• [Provided material]

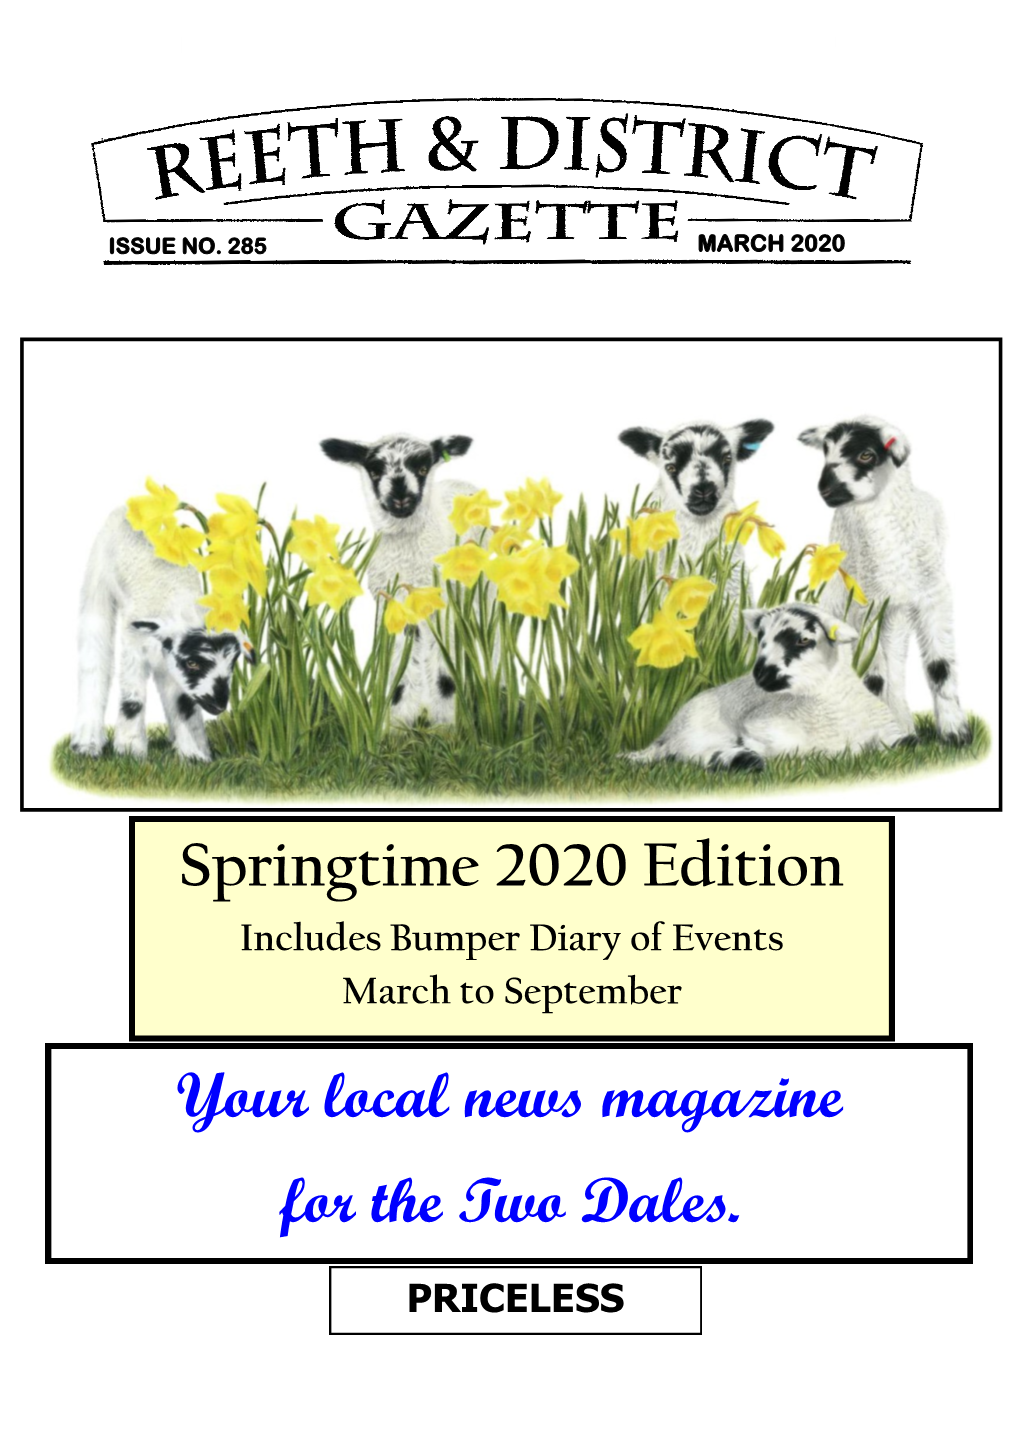 Your Local News Magazine for the Two Dales. Springtime 2020 Edition
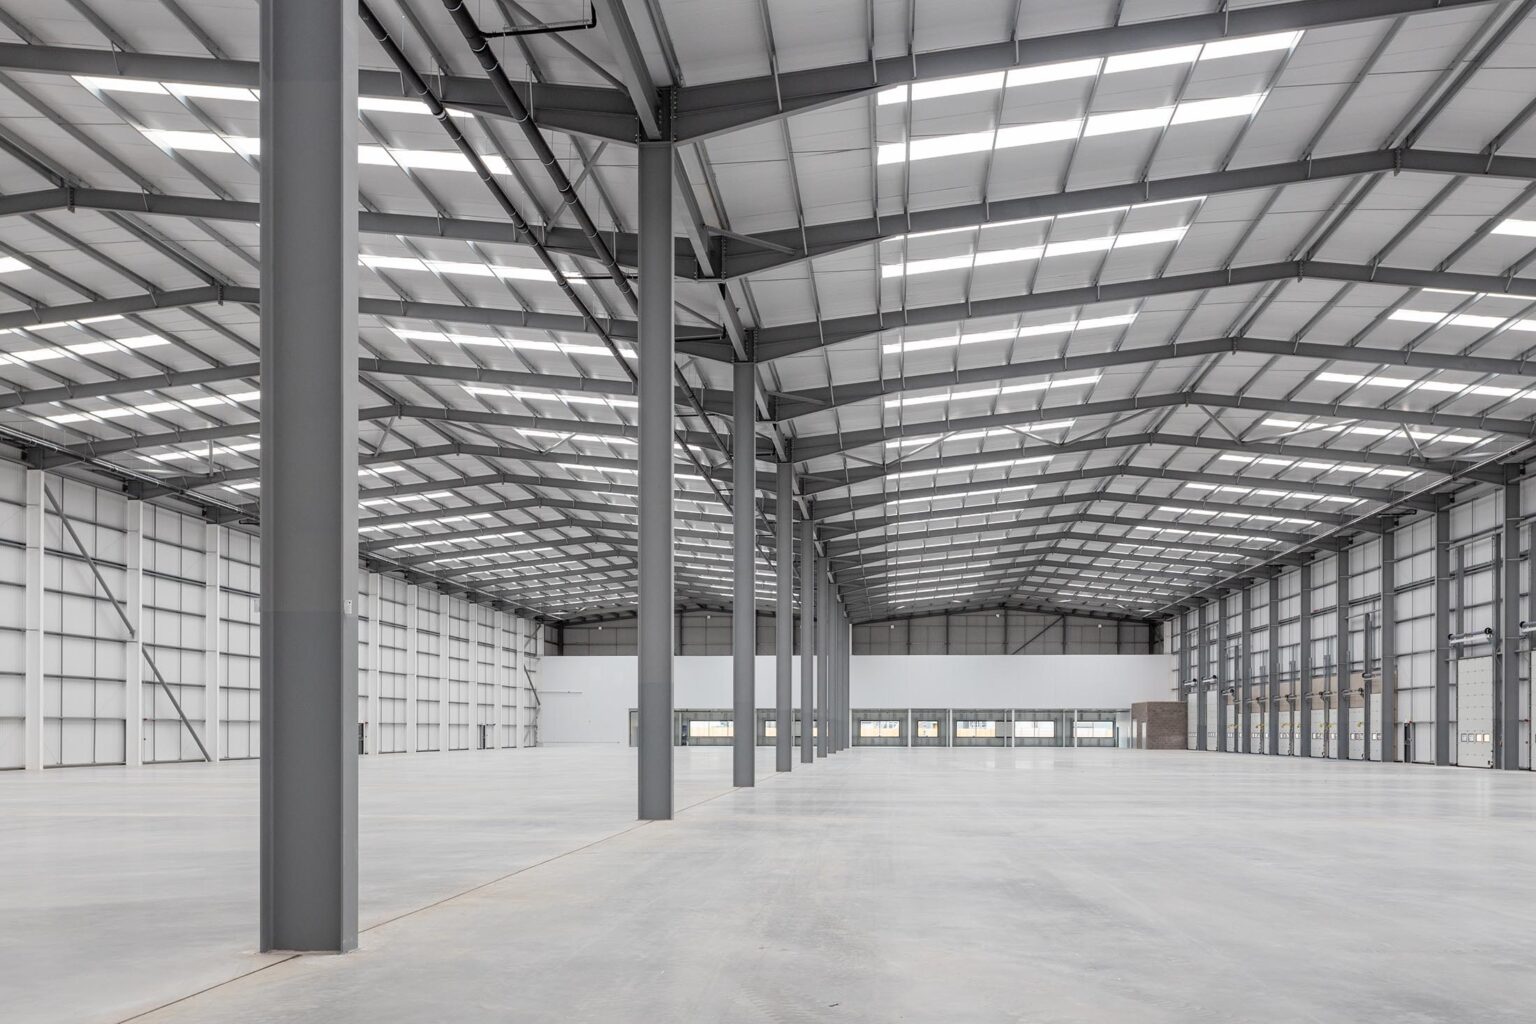 An interior of a large empty warehouse with overhead lights on
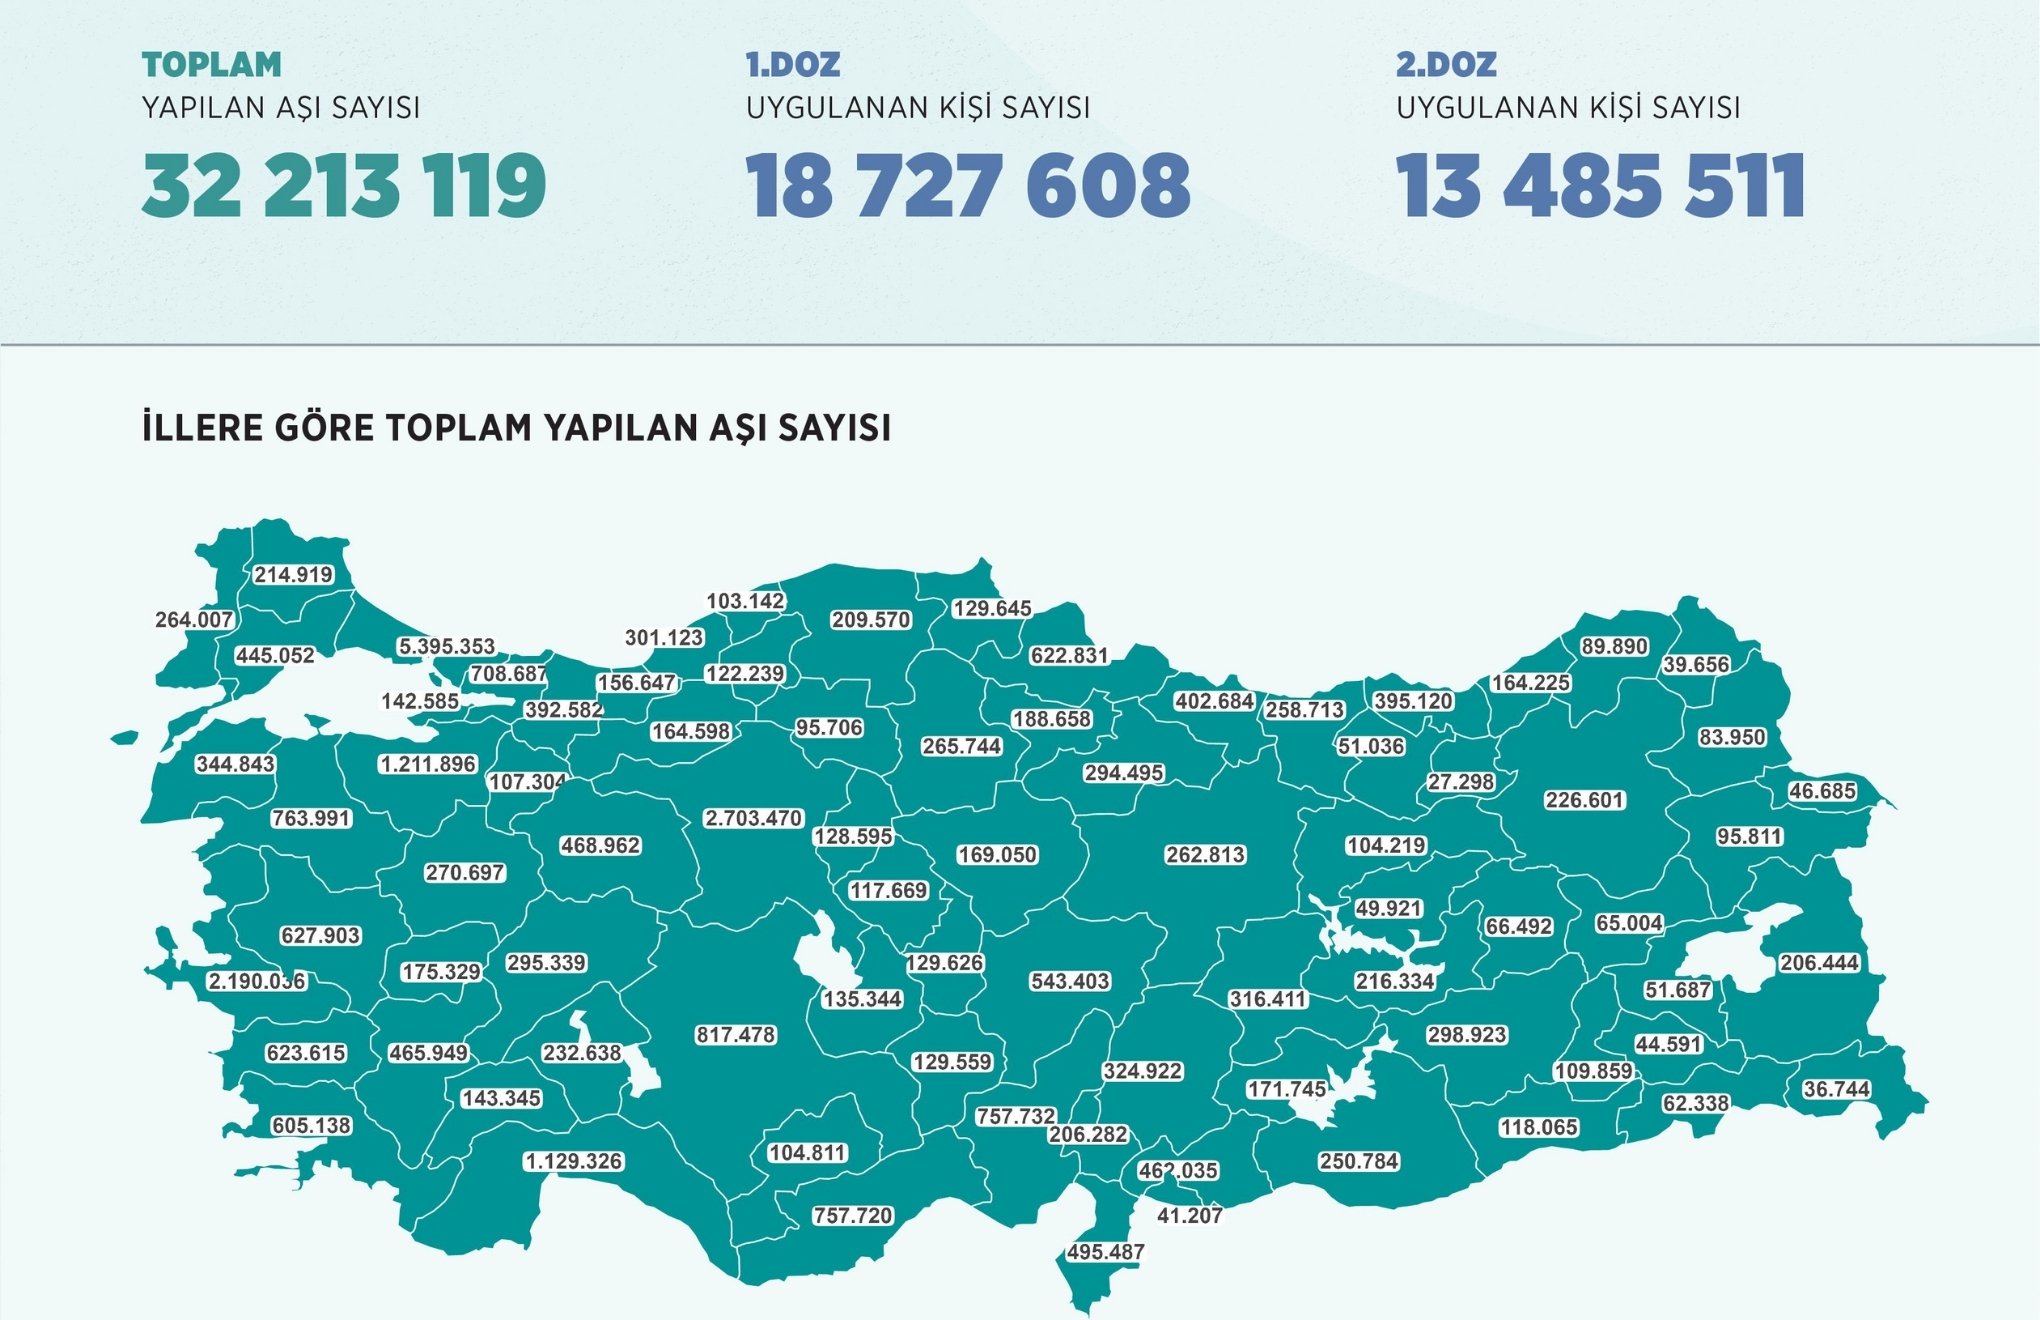 Nearly 3 million vaccine doses administered in Turkey in 10 days

• [Task goal]
What the task needs is the material above repeated exactly, pictures excepted.

• [Solution to the exercise]
 Your Local News Magazine for the Two Dales. Springtime 2020 Edition
 An interior of a large empty warehouse with overhead lights on
 Nearly 3 million vaccine doses administered in Turkey in 10 days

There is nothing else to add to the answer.